If you monitor that, despite of this logs, the HEAP usage of your nodes is not completely saturated, you could increase the indices.breaker.query.limit at your own risk.

Instead of adjusting the breakers, I’d suggest to either:

  • increase your HEAP if possible and not already > 25% (or at least not > 50%) of the available RAM
  • scale up your cluster to distribute more shards and thus lower the HEAP pressure per node
  • lower the read/write load until the import is done
  • or just wait until the records are imported.

The cluster is a one node Crate running on Kubernetes and has 4GB of heap memory configured. I have increased to 25GB and I am still unable to load exported data. The problem is that more than one hour after issuing the COPY FROM command the available records on the table is still zero. It is not a simple slowdown.

Currently 565 shards are started and the read/write operation amount is very light, only few queries per minute.

For example, I launched yesterday the insert query (this case INSERT SELECT) and it is still running after more than 17 hours.

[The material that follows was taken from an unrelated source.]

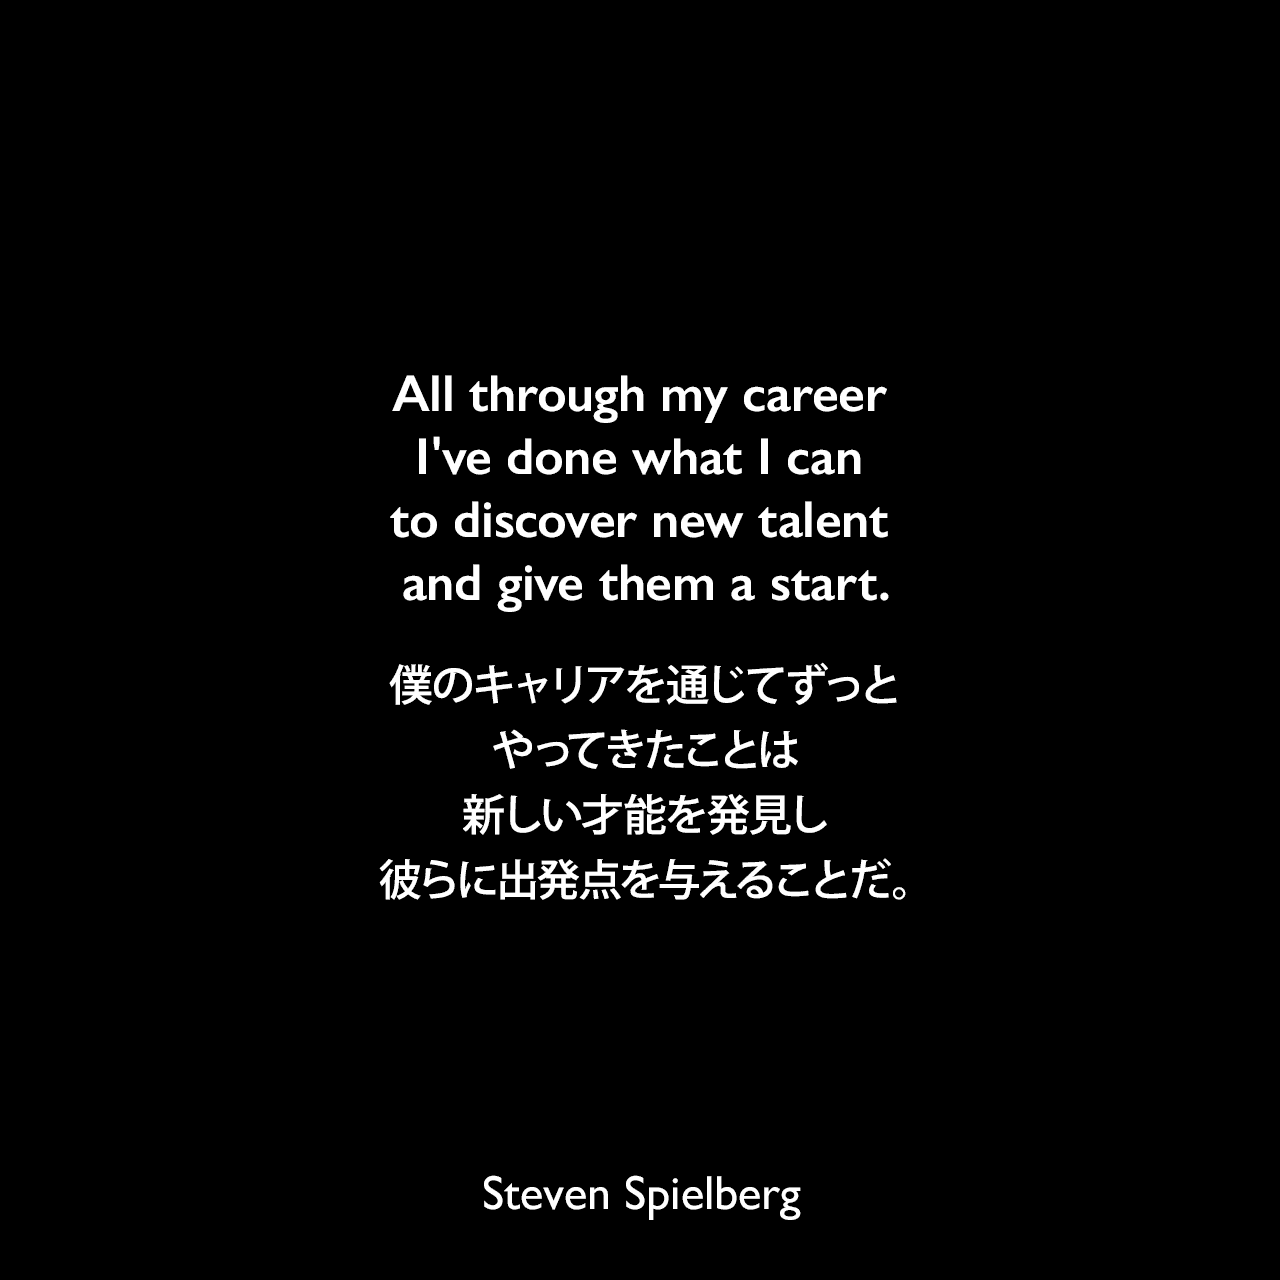 All through my career I've done what I can to discover new talent and give them a start.僕のキャリアを通じてずっとやってきたことは、新しい才能を発見し、彼らに出発点を与えることだ。Steven Spielberg

The record count (after issuing a refresh table query) is:

Update:

I have been doing more tests and I have found indices.breaker.query.limit was configured as -1. According to the documentation the default value is 60% so I have reconfigured it using:

SET GLOBAL PERSISTENT "indices.breaker.query.limit" = '60%';

Now both queries (COPY FROM and INSERT SELECT) work. Thank you @smu , I wouldn’t been able to fix it without your help.

1 Like

@iames Great to hear that you’ve solve the issue!
It also highlights a bug as per our documentation -1 should disable breaking while still accounting the memory. Seems like -1 was treat in a wrong way inside the code. We are working on a fix, see Fix an issue wheras a `-1` breaker limit was interpreted wrongly by seut · Pull Request #13096 · crate/crate · GitHub.
Thank you for bringing this up.

2 Likes